Parameters:vertices (DataFrame) – Dataframe of the vertices.
dhd.connect.set_line_coordinates(vertices)[source]

Add coordinates columns (‘xA’,’xB’,’yA’,’yB’) to the dataframe vertices ; in-place.

The end node coordinates of each geometry (edge) of vertices are computed and stored in their associated column (first end -> ‘A’, second end -> ‘B’).

Parameters:vertices (DataFrame) – Dataframe of the vertices.
dhd.connect.sort_lines(line1, line2, coords)[source]

Sort line1 and line2 such that the first line has either its first points equal to coords or its last point equal to coords.

Parameters:
  • line1 (LineString) – Geometry of the first line of the splitted edge.
  • line2 (LineString) – Geometry of the second line of the splitted edge.
  • coords (tuple) – Coordinates of the edge end ‘A’.
Returns:

  • LineString – Line with one end equal to the edge end ‘A’,
  • LineString – Line with one end equal to the edge end ‘B’.

dhd.connect.split_line(l, p, eps=0.1)[source]

Split the LineString l in two at a the Point p on the line.

Parameters:
  • l (LineString) – Vertex edge to split at the connection point.
  • p (Point) – Connection point on the vertex edge.
  • eps (float, optional) – Distance under which two points are considered identical. Default is 0.1 m.
Returns:

  • LineString – Geometry of the first line,
  • LineString – Geometry of the second line.

dhd.connect.update_edges(vertices, connection, vertex, coords, idC, func)[source]

Update the graph edges in vertices according to the new connection on the considered vertex ; in-place.

This function is only called when the parent edge is splitted in two child edges. The parent edge is removed and the child edges are appended.

Parameters:
  • vertices (DataFrame) – Dataframe of the vertices.
  • connection (Series) – Row of the dataframe connections obtained with the function dhd.connect.second_selection.
  • vertex (Series) – Row of the dataframe vertices.
  • coords (dict) – Tuple coordinates of the connection edge ends (‘A’ and ‘B’), the terminal (‘T’) and the connection point on the vertex edge (‘C’).
  • idC (str) – Index of the new connection.
  • func (function) – Function of the connection length returning its weight.
dhd.connect.update_graph(vertices, terminal, connections, func)[source]

Add the possible connections to the given terminal into the dataframe vertices ; in-place.

The list associated to the given terminal in the dataframe terminals are appended by each possible connection.
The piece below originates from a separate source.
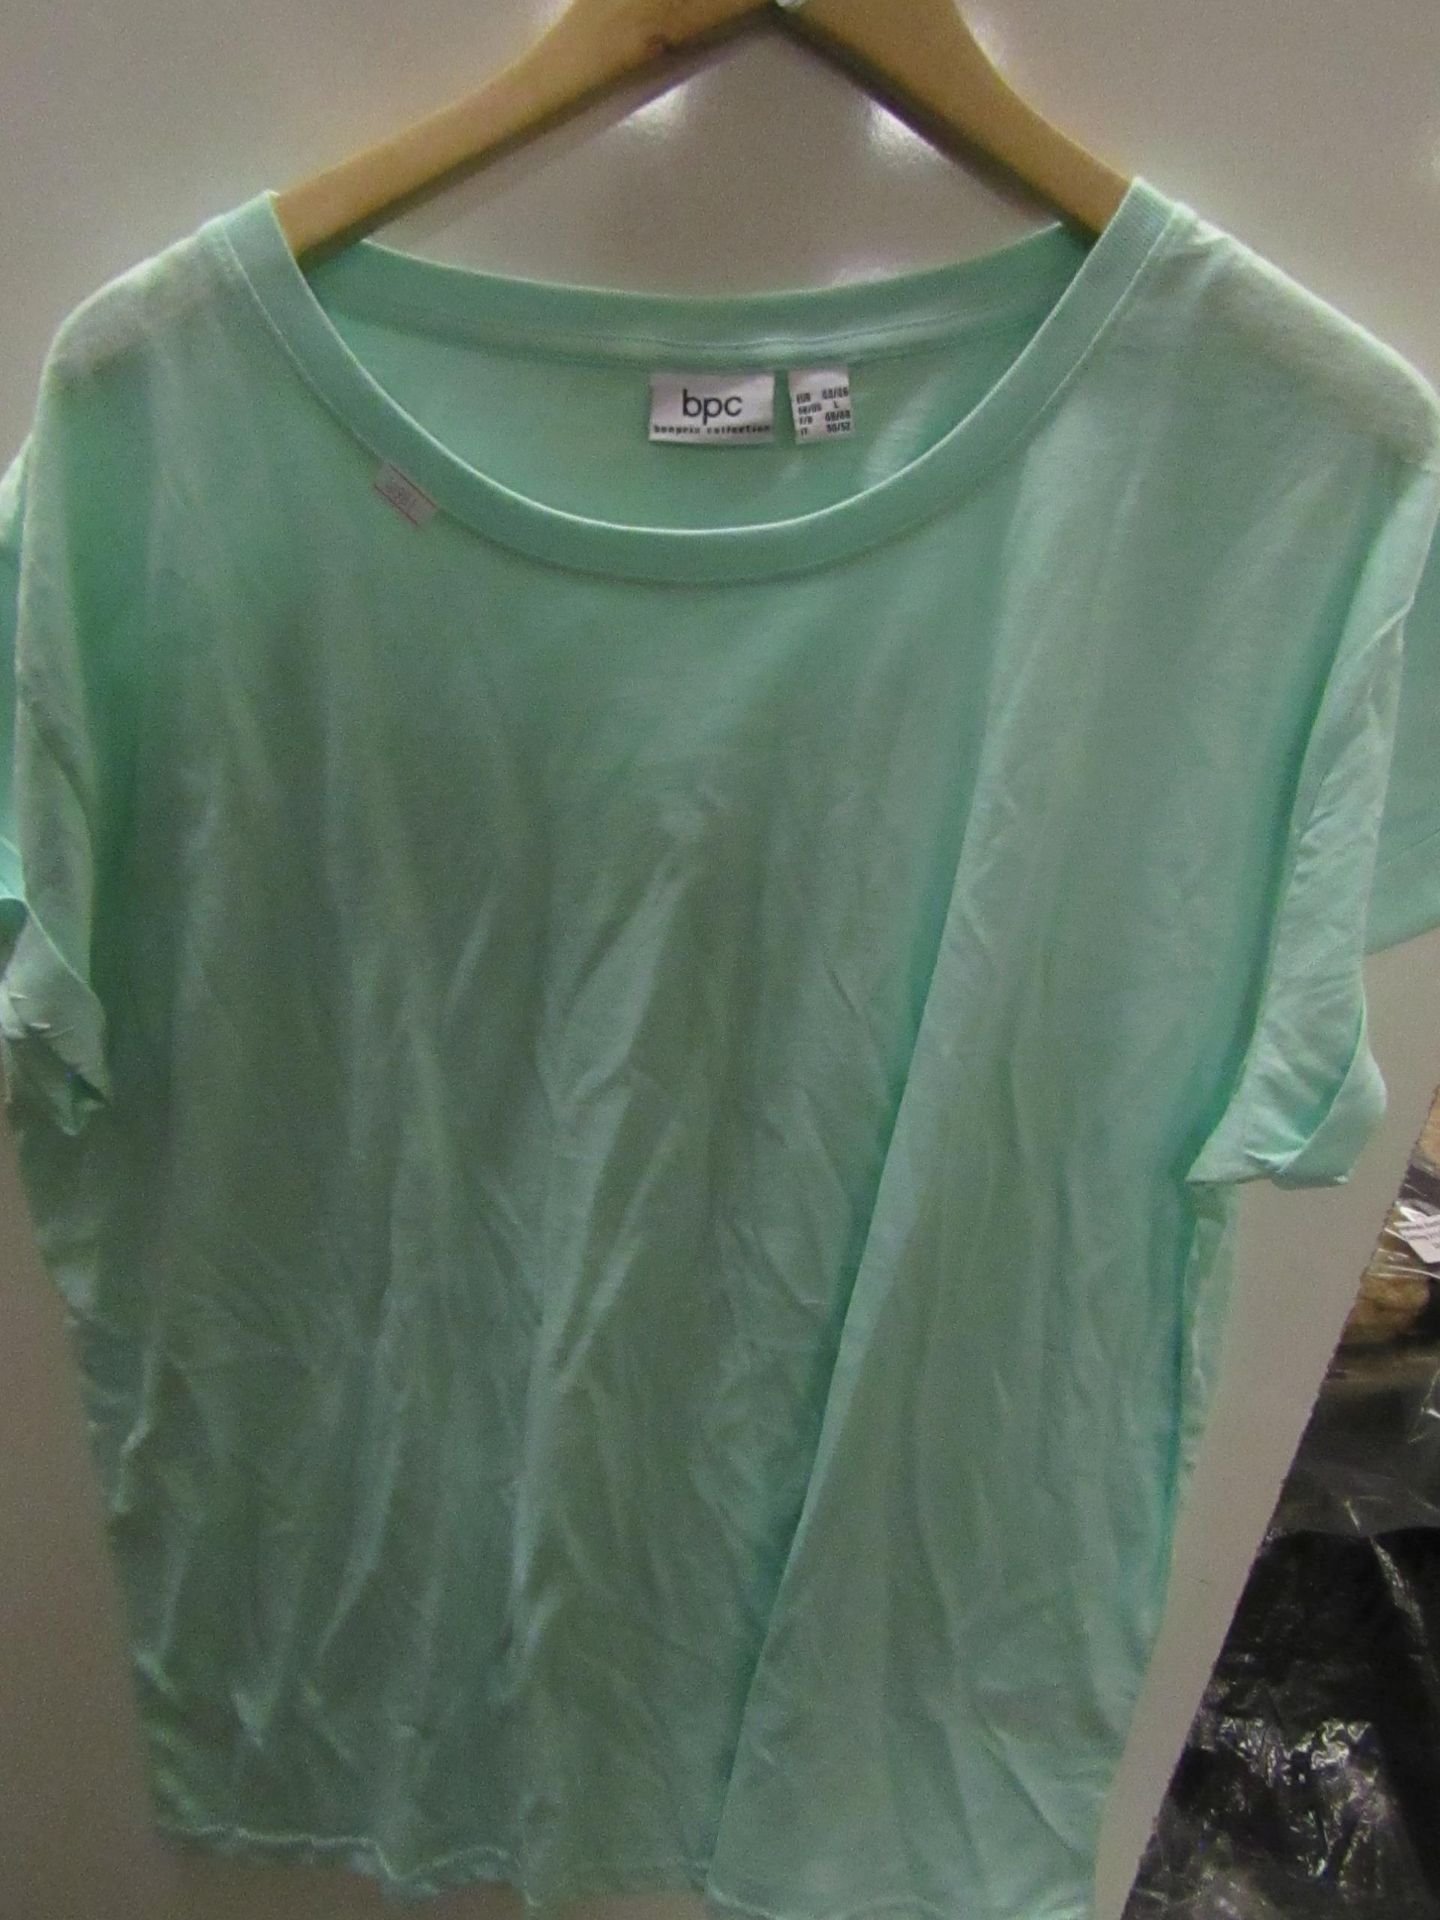 BPC T/Shirt Mint Green Size L Looks Unworn

Also the rows of the dataframe vertices are modified to coincide with the new graph when a connection occurs on a parent edge splitted in two child edges.

Parameters:
  • vertices (DataFrame) – Dataframe of the vertices.
  • vertex (Series) – Row of the dataframe vertices.
  • connections (DataFrame) – Dataframe of the possible connections to the considered terminal, obtained from the function dhd.connect.second_selection.
  • func (function) – Function of the connection length returning its weight.